History

United Kingdom
- Name: HMS Megaera
- Ordered: 19 November 1834
- Builder: Royal Dockyard, Sheerness
- Cost: £27,778
- Laid down: August 1836
- Launched: 17 August 1837
- Completed: 30 March 1838
- Commissioned: 13 December 1837
- Fate: Wrecked Jamaica 4 March 1843

General characteristics
- Type: Paddle sloop
- Displacement: 1,006 tons
- Tons burthen: 715 43/94 bm
- Length: 150 ft 0 in (45.7 m) gundeck; 128 ft 0 in (39.0 m) keel for tonnage;
- Beam: 32 ft 9 in (10.0 m) maximum; 32 ft 5 in (9.9 m) for tonnage;
- Draught: 11 ft 6 in (3.5 m) (forward); 12 ft 0 in (3.7 m) (aft);
- Depth of hold: 17 ft 0 in (5.2 m)
- Installed power: 140 nominal horsepower
- Propulsion: 2-cylinder side lever steam engine; Paddles;
- Sail plan: 3-masted barque rigged
- Complement: 135
- Armament: As built:; 2 × 9-pounder (13 1⁄2 cwt) brass guns; From 1842:; 1 × 8-inch (52 cwt) pivot gun; 2 × 32-pounder (17 cwt) carronades;

= HMS Megaera (1837) =

Ship of the Royal Navy

HMS Megaera was a Hermes-class wooden paddle sloop of the Royal Navy. She was built at Sheerness Dockyard. She was launched in 1837 and served two commissions before being wrecked at Jamaica in 1843.

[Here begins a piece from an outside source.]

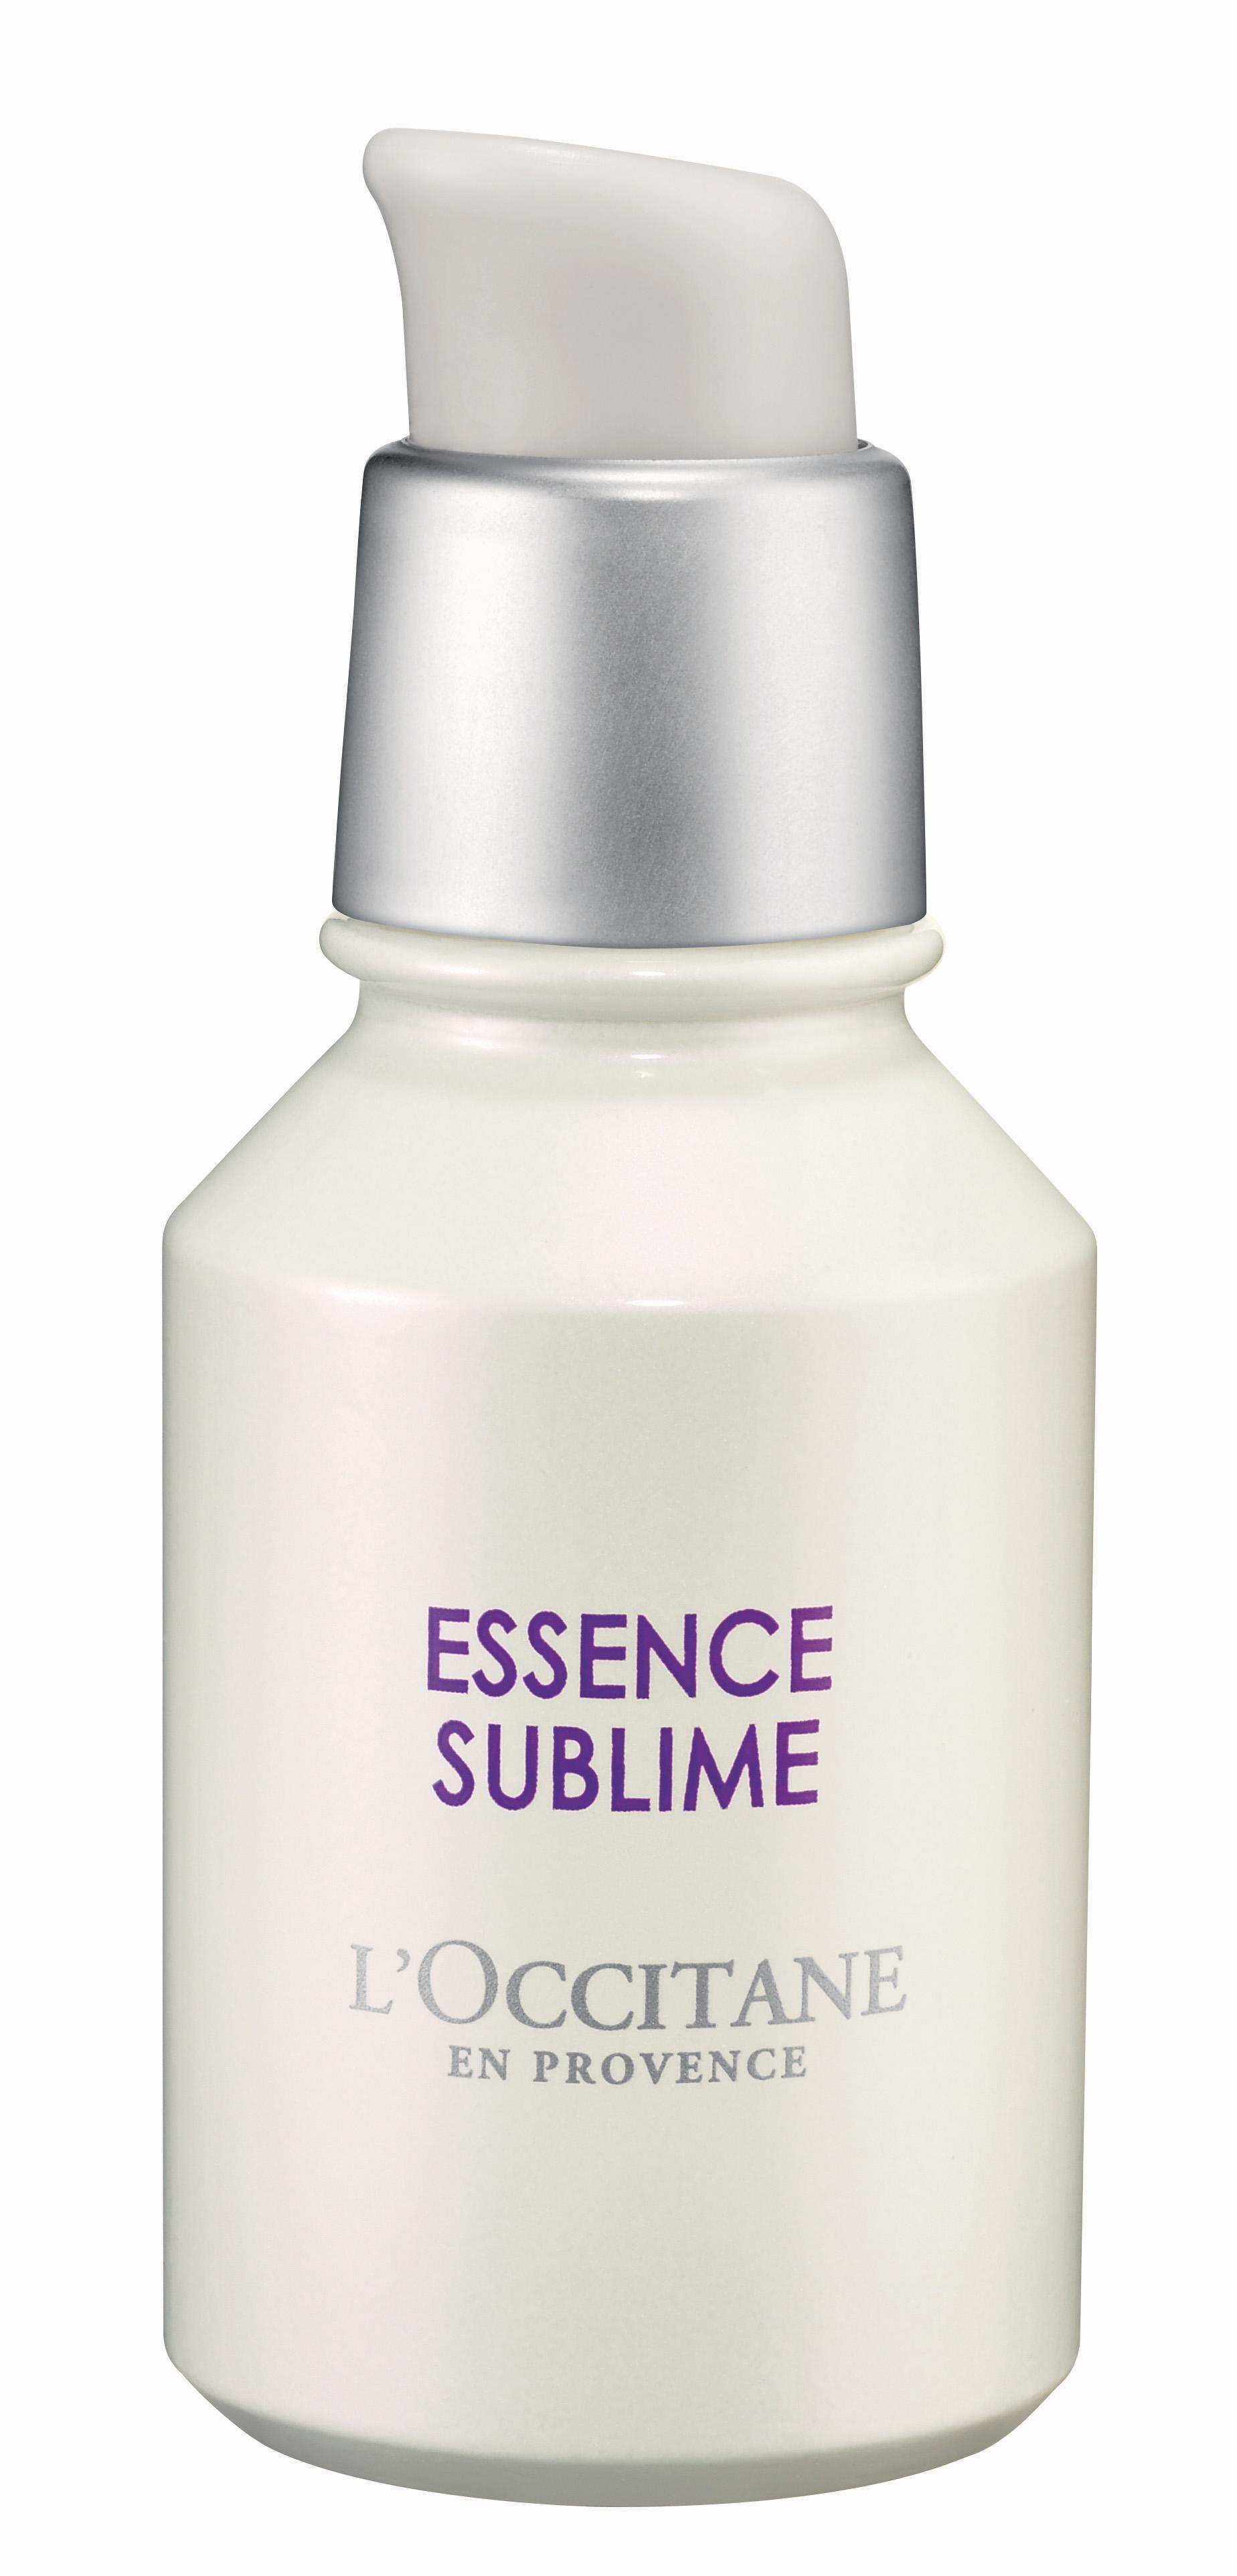 Essence Sublime van L'Occitane - 45 euro

Megaera was the second named vessel since it was used for a 14-gun Fireship, launched by Teague of Ipswich in May 1783 and sold to J. Darkin on 3 April 1817.

==Construction==
She was ordered on 19 November 1834 to be built at Sheerness Dockyard. She was laid down in August 1836 and launched on 17 August 1837. She was towed to Limehouse for the fitting of her machinery starting on 6 October 1837 and completing on 13 February 1838 then towed back to Sheerness. She was completed for sea at Sheerness on 30 March 1838 at a cost of £27,778 including £15,161 for the hull and £8,983 for the machinery.

==Commissioned service==
===First commission===
She was commissioned on 13 December 1837 under the command of Lieutenant Hugh Coville Goldsmith, RN for service as a packet vessel in the Mediterranean. She returned to Home waters. paying off in October 1841. Lieutenant Goldsmith died on 8 October 1841. At this point she underwent a refit starting at Limehouse, then continuing at Woolwich and finally completing at Deptford from March to December 1842. During the refit she had her boilers replaced, a smoke consuming apparatus was fitted and her armament was probably changed.

===Second commission===
On 10 November 1842 she was commissioned under the command of Lieutenant George Oldmixon, RN for service on the North America and West Indies Station.

==Loss==
On 4 March 1843 she was wrecked on Bare Bush Key (off Port Royal), Jamaica.